JUNE 2021 - Greenpeace wins against AGL in court
Immediately following the launch of our campaign, AGL sued. After a rapid court process Greenpeace overwhelmingly wins the court case against AGL, setting a new legal precedent for freedom of expression.
JUNE 2021 - AGL announces plan to demerge company
AGL provided details around their plan to split the company into two, to hide their highly polluting coal power stations behind a new company Accel.
AUGUST 2021 - Ash for Director campaign launches/h3>
Greenpeace supported 18 year old Ashjayeen Sharif to run as a Director for the AGL Board, highlighting the major failings of the AGL Board. This campaign helped force AGL to publicly commit to appointing skilled climate and ESG experts to the Board.
AUGUST 2021 - Greenpeace launches campaign to AGL shareholders
Greenpeace launched a campaign calling on AGLs shareholders to vote for climate friendly resolutions at the companies upcoming annual general meeting.
AUGUST 2021- ACCR launches AGL climate resolution
The Australasian Centre for Corporate Responsibility (ACCR) launched a climate-focussed shareholder resolution to be voted on at AGL's Annual General Meeting.
SEPTEMBER 2021 - Climate concerns dominate at AGL's annual general meeting.
In an unprecedented investor revolt, 54% of shareholders supported ACCR's resolution calling on the company to disclose interim emissions targets aligned with the Paris climate goals.
OCTOBER 2021 - AGLs biggest customer decarbonises
After campaigning by Greenpeace and other environmental organisations Rio Tinto announced it would be decarbonising its aluminium smelters by 2030. This meant AGLs Bayswater power station would lose over 50% of its demand by 2030.
DECEMBER 2021 - Banks campaign
Greenpeace launches a public campaign targeting Australia’s big four banks calling on them to rule out funding AGL.
FEBRUARY 2022 - AGL takeover bid
Mike-Cannon Brookes and Brookfield launch bid to takeover AGL, drawing a huge amount of attention, and criticism, to AGL’s plans to demerge. After two attempts the Board rejects the bids.
MARCH 2022 - Greenpeace launches campaign opposing AGLs demerger
Greenpeace launches the ‘Too Big to Hide’ campaign, opposing AGL’s demerger. The campaign launches with a giant inflatable coal prop right outside AGL HQ in Melbourne.
APRIL 2022 - Shareholder campaign
Greenpeace launches a campaign under the ‘Progress for AGL’ brand, calling on AGLs shareholders to vote against AGLs demerger. Greenpeace also meets with AGL’s top investors and key proxy advisors.
MAY 2022 - AGL dumps demerger and leadership team
After Mike Cannon Brookes purchases a large share in AGL and numerous shareholders come out in opposition to the demerger, AGL dumps its demerger plans and its leadership team.

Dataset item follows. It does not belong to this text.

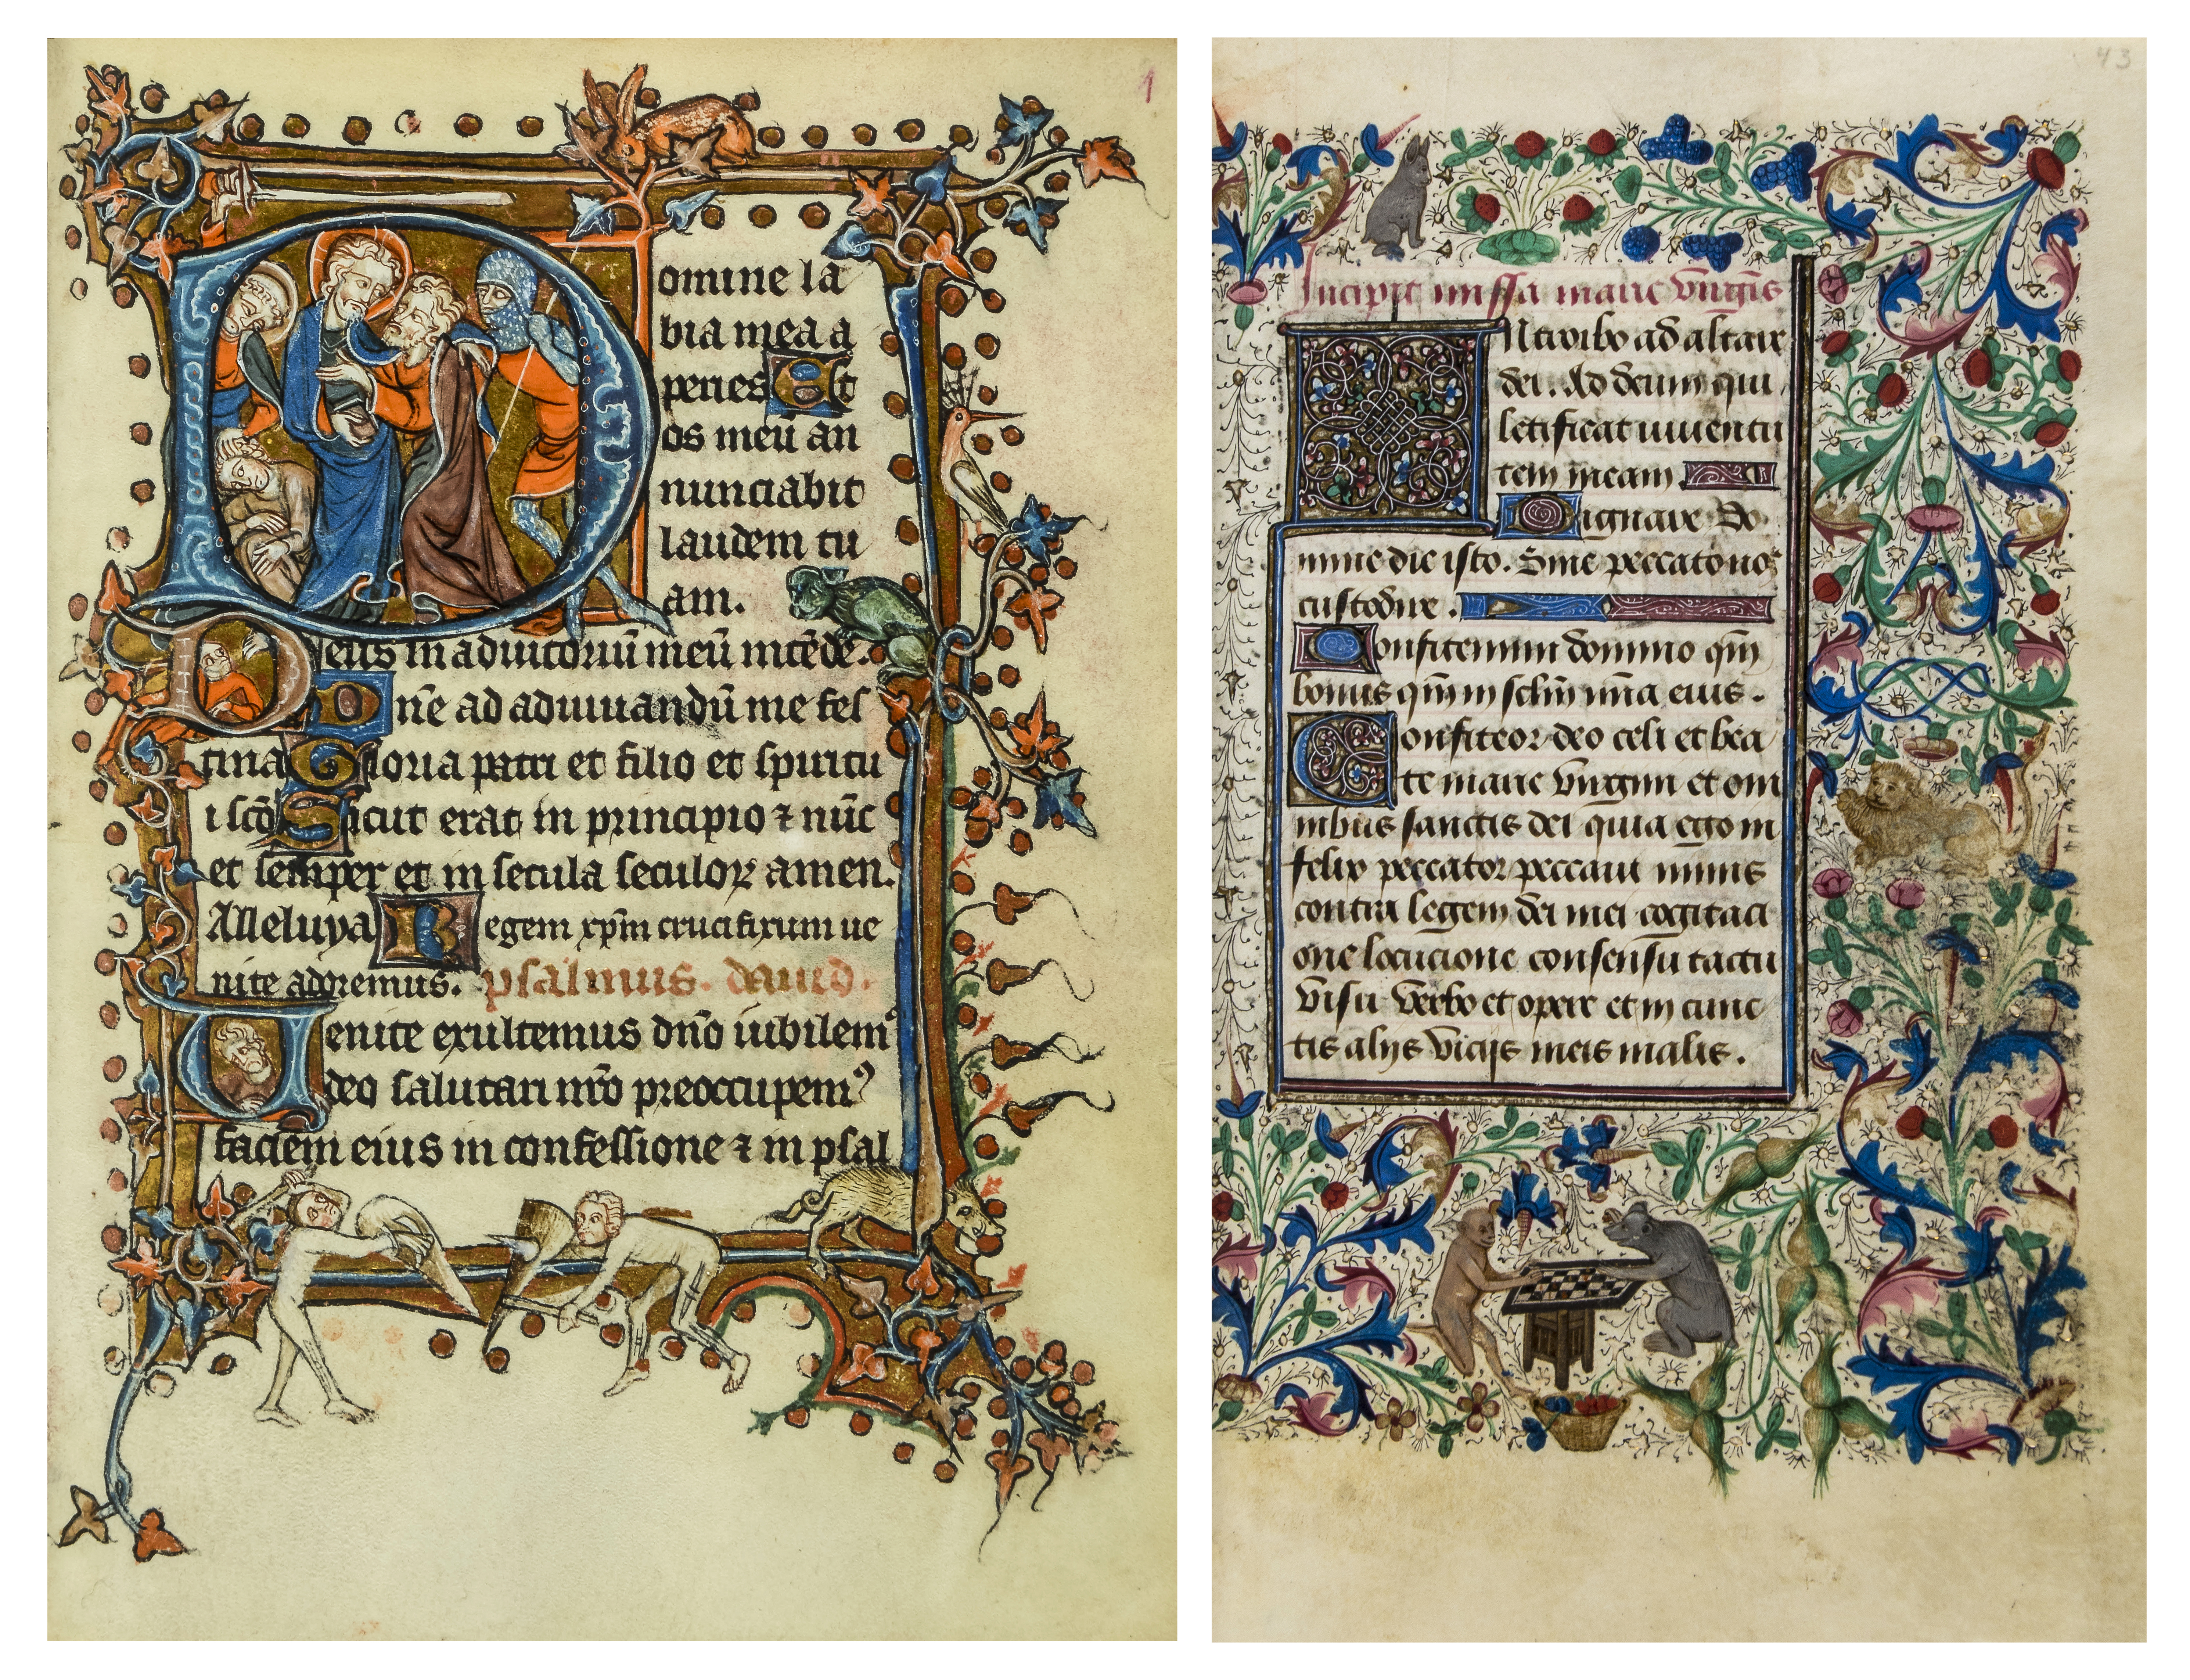 The Hours of the Cross (left) in Latin, opulently illuminated manuscript on parchment, northeast France, first half of 14th century, 24 leaves. Estimate: £40,000–£60,000. Book of Hours (right) with numerous other devotional texts in Latin and French, illuminated manuscript on parchment, southern Netherlands, circa 1460, 313 leaves. Estimate: £30,000–£50,000. Bloomsbury Auctions images

AGL begins a strategic review of the company.
SEPTEMBER 2022 - Coal closure brought forward to 2035
AGL announces new decarbonisation plan which includes bringing forward the closure of Loy Yang A power station to 2035 and a commitment to replace coal with $12 billion worth of new renewable energy.
NOVEMBER 2022 - AGL get new leaders for a new era
New independent directors join AGLs board, with aspirations to further accelerate AGLs coal closure timelines.